• It has been over one year since the Tucson shooting spree that killed six people and injured twelve, including Arizona Rep. Gabrielle Giffords, who survived a gunshot wound to the left hemisphere of her brain, occurred.  Interestingly, although she was not able to talk, she began finding her voice just 5 weeks after the shooting, through song.  Music has been demonstrated to help certain patients with traumatic brain injury, stroke or other neuromuscular problems in dramatic ways, including even regaining the ability to walk.

    Protocols like music speech stimulation and melodic intonation therapy have helped patients like Giffords with damage to the brain’s communication center learn to speak again.  In an interview with ABC News, Giffords’ music therapist (“MT”) and certified brain injury specialist at TIRR Memorial Hermann Rehabilitation Hospital in Houston, Meaghan Morrow, said, “It’s creating new pathways in the brain.  Language isn’t going to work anymore, so we have to go to another area and start singing and create a new pathway for speech.”[i]  Music is also linked to the brain’s areas that control memory, emotions, and even movement. “The thing about music is that it’s something that’s very automatic — part of our old brain system,” Morrow said. “If I play a rhythm, I can affect the rest of the body.

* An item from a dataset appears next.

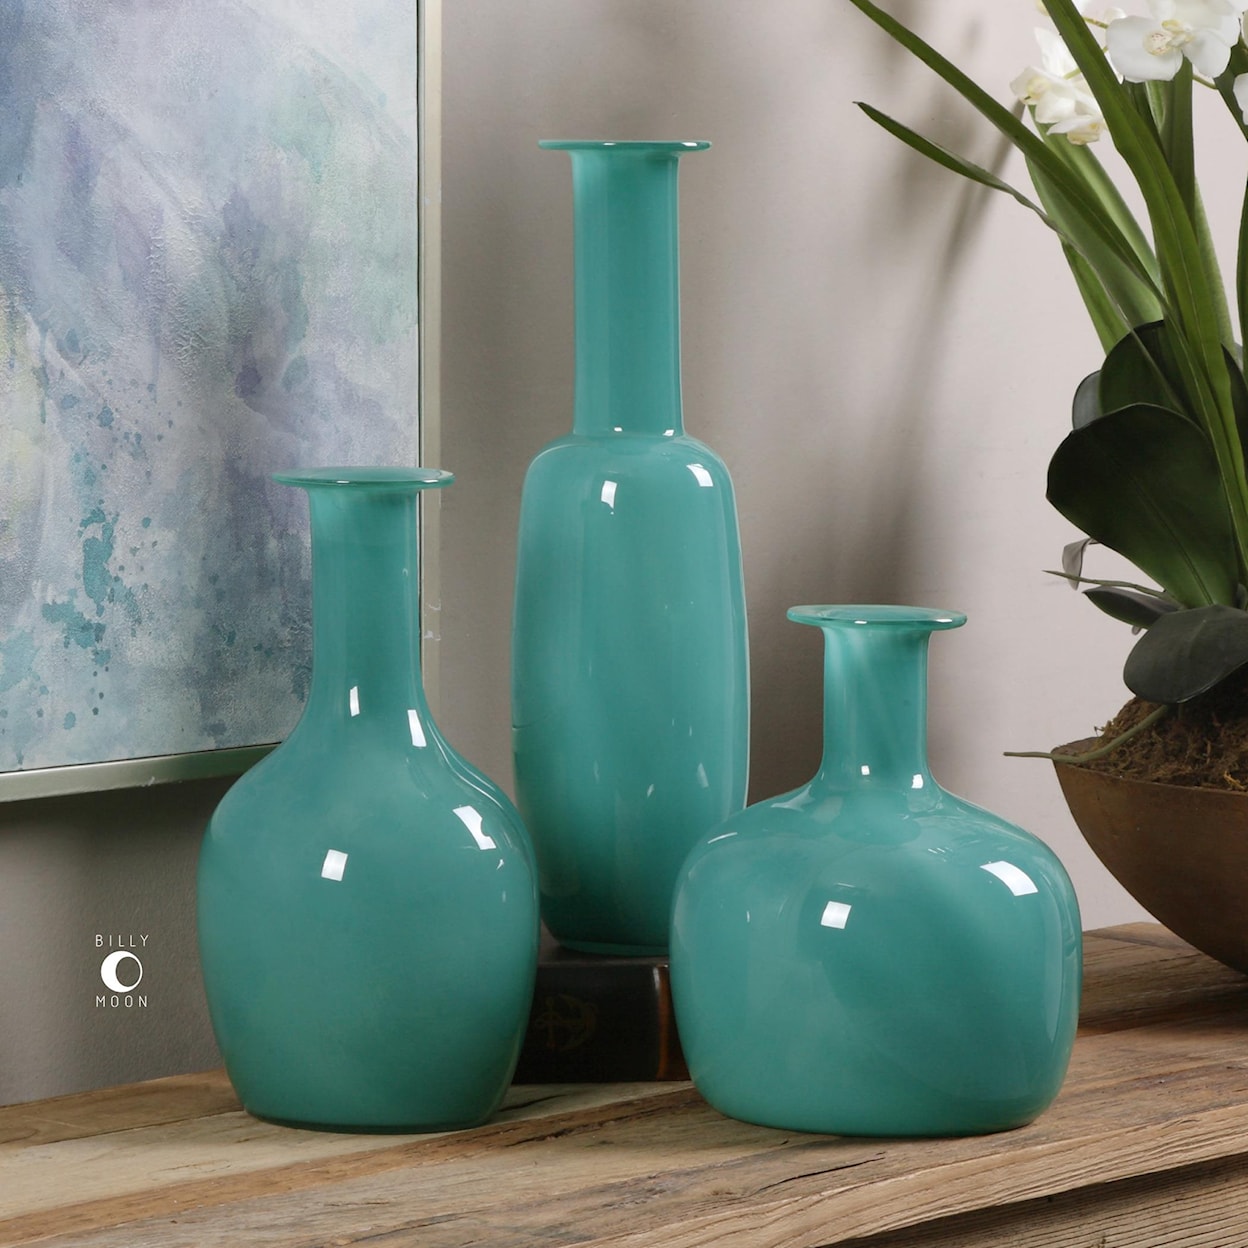 Uttermost Accessories - Vases and Urns Baram Turquoise Vases, S/3
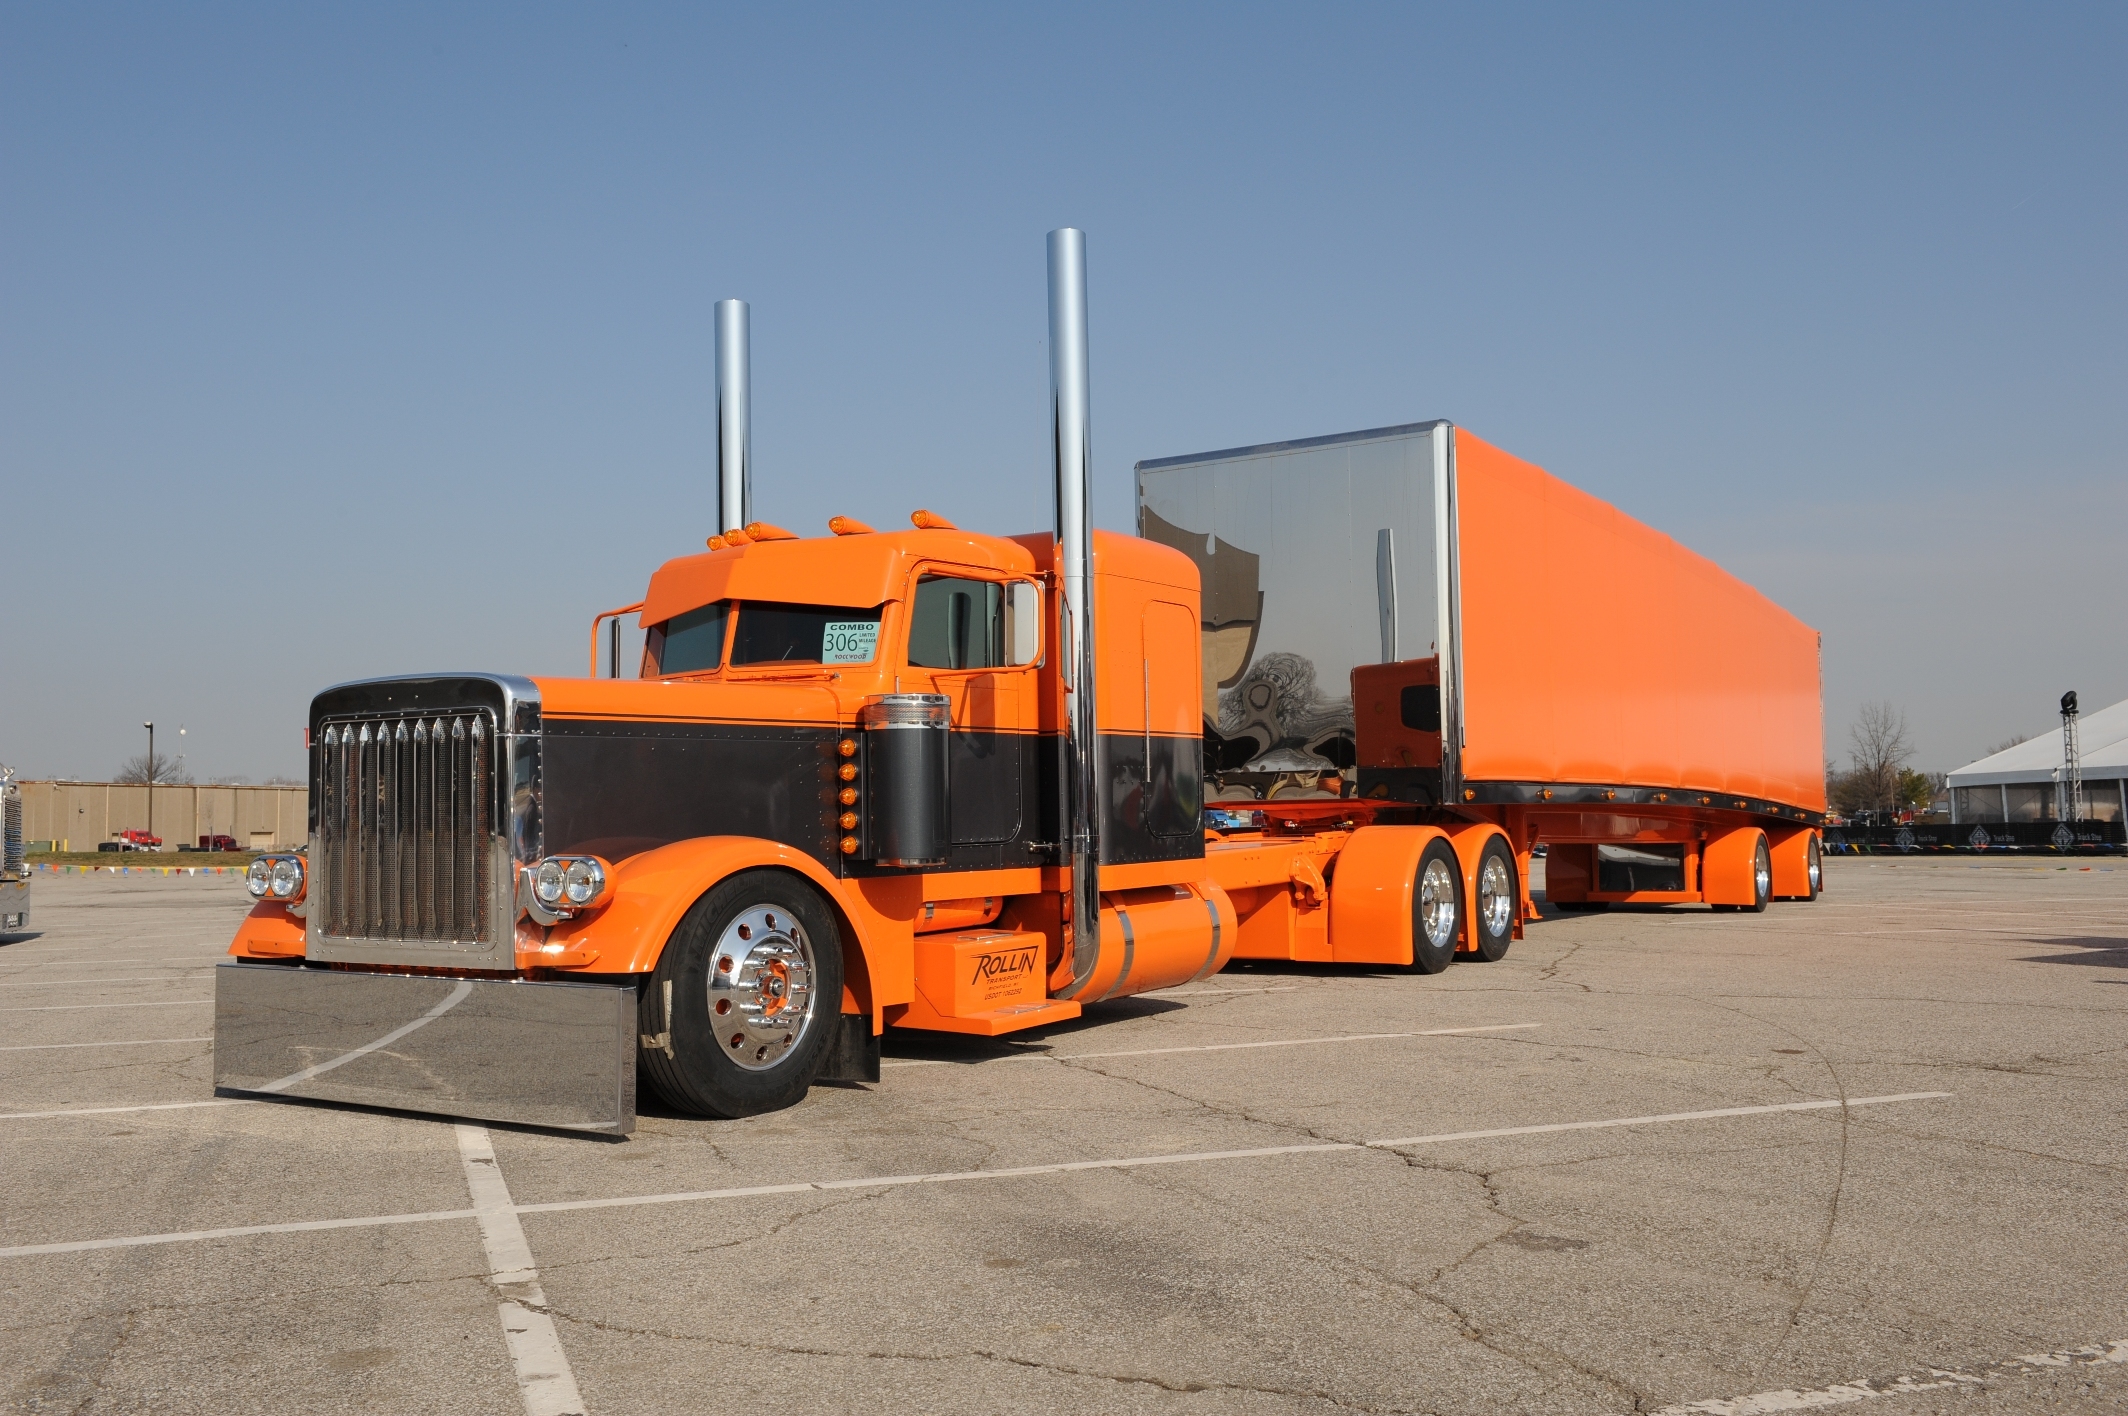 Wallpaper Peterbilt Truck Custom Car Pictures And Photos Other

The body naturally aligns with a rhythm in the environment.”

    Indeed, a person who has suffered an injury due to stroke or trauma may have difficulty speaking, but be able to sing.  “Patients can be essentially mute, unable to utter a single word, but put on the Beatles’ ‘All You Need is Love,’ and suddenly patients can sing. Substitute some of the words and now patients are speaking again,” said Dr. Michael De Georgia, director of the Centers for Neurocritical Care and Music and Medicine at University Hospitals Case Medical Center. “Music is very powerful.”[ii]

    Evidence supporting a healing role for music in the recovery from traumatic brain and spinal injury is mounting. But many people remain skeptical, and currently, few insurers will cover it.

    Music Therapy Following Spinal Fusion Surgery

    A recent study (Charmaine Kleiber & Mary Adamek (The University of Iowa)[iii]) observed the effects of music therapy on adolescents who undergo spinal fusions for adolescent idiopathic scoliosis (AIS).  This therapy was intended as an intervention to decrease postoperative pain intensity in adult samples. In the study, the MT visited AIS patients on postoperative day 2, when the adolescent got out of bed and moved into a chair for the first time.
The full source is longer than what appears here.